* **SUPPLIED RECORDS**

--- --- ---

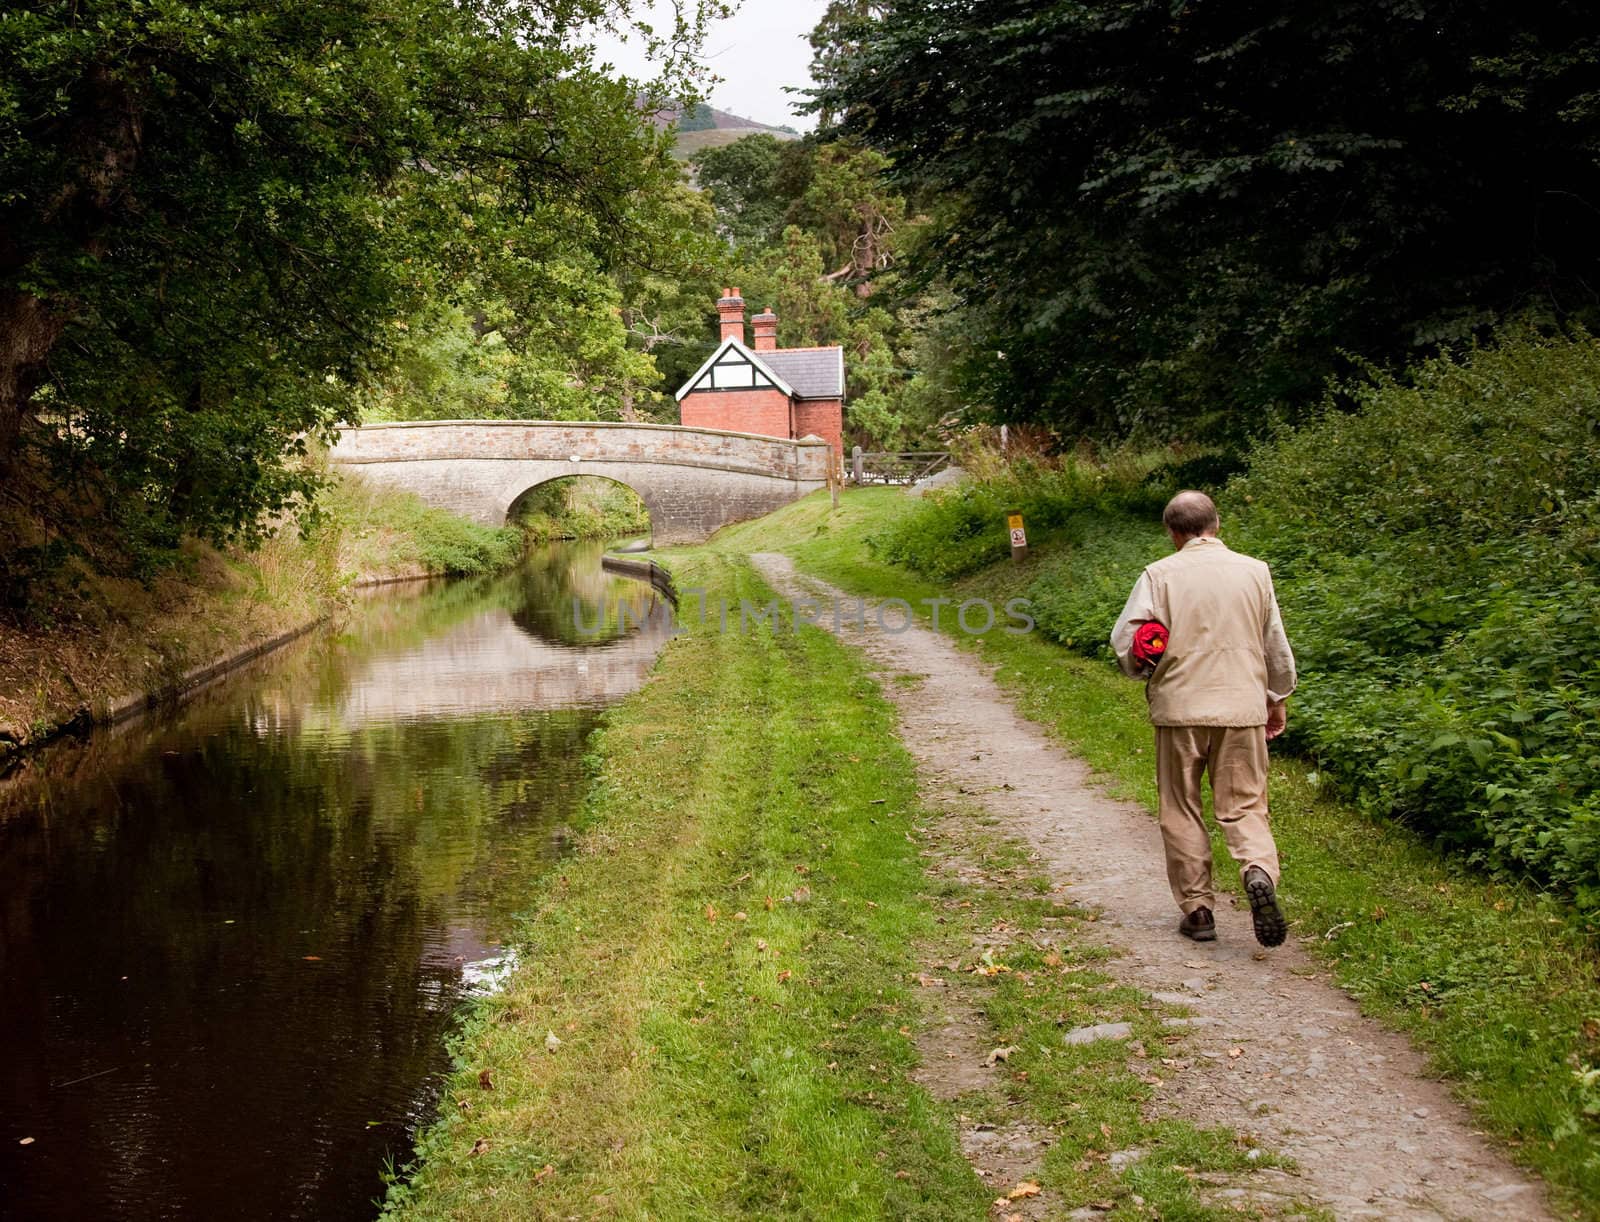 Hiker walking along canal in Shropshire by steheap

--- --- ---

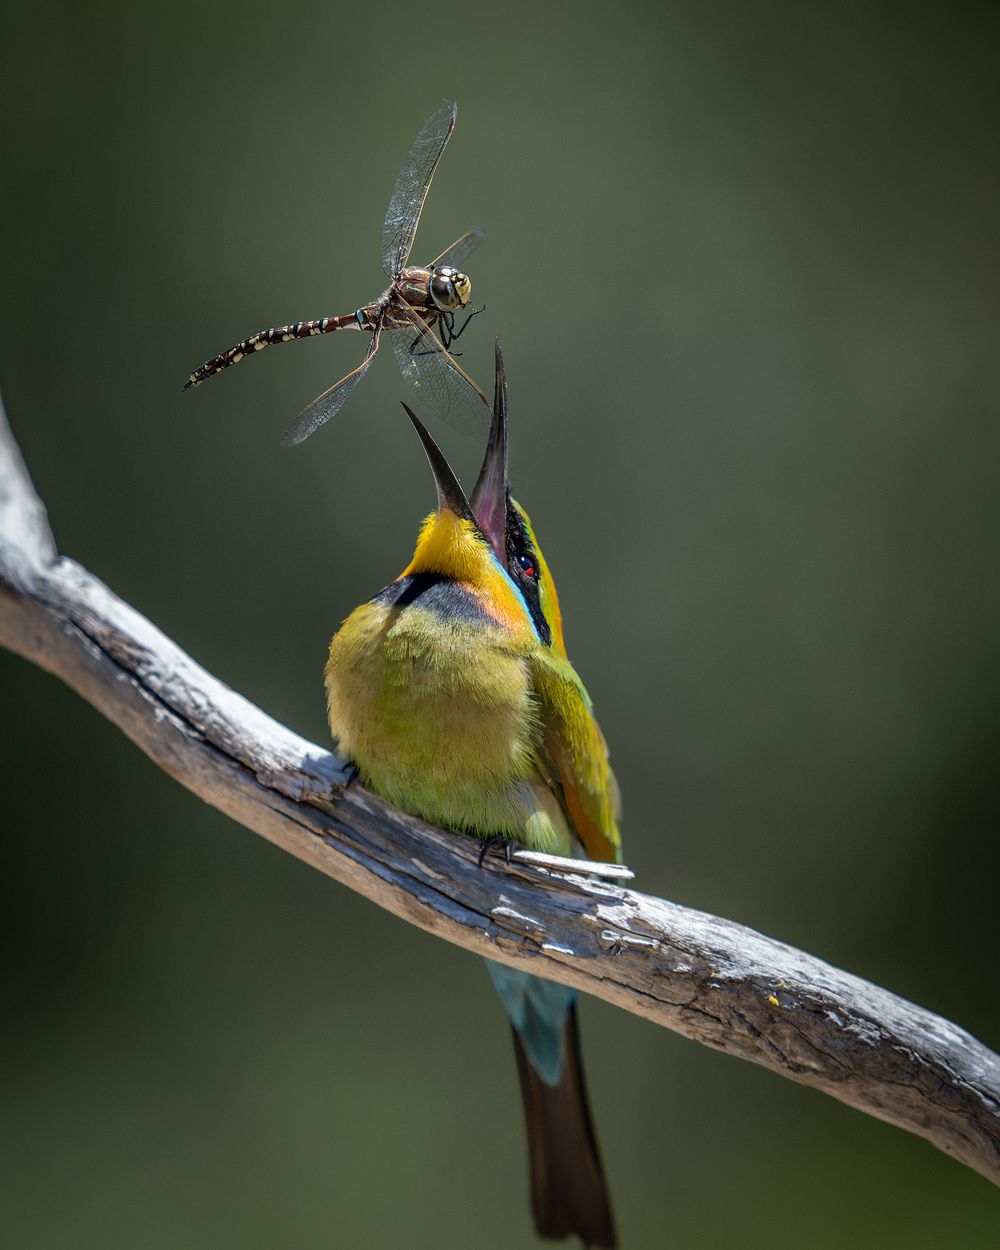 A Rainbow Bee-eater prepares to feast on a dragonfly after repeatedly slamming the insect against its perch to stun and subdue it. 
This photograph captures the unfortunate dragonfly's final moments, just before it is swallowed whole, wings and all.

--- --- ---

* **YOUR INSTRUCTIONS**
Copy the entries above exactly, but only the stretch from the line containing "A Rainbow Bee-eater" through the line containing "This photograph captures". Keep both end lines; drop the pictures.

* **RESPONSE TO THIS EXERCISE**
 A Rainbow Bee-eater prepares to feast on a dragonfly after repeatedly slamming the insect against its perch to stun and subdue it. 
This photograph captures the unfortunate dragonfly's final moments, just before it is swallowed whole, wings and all.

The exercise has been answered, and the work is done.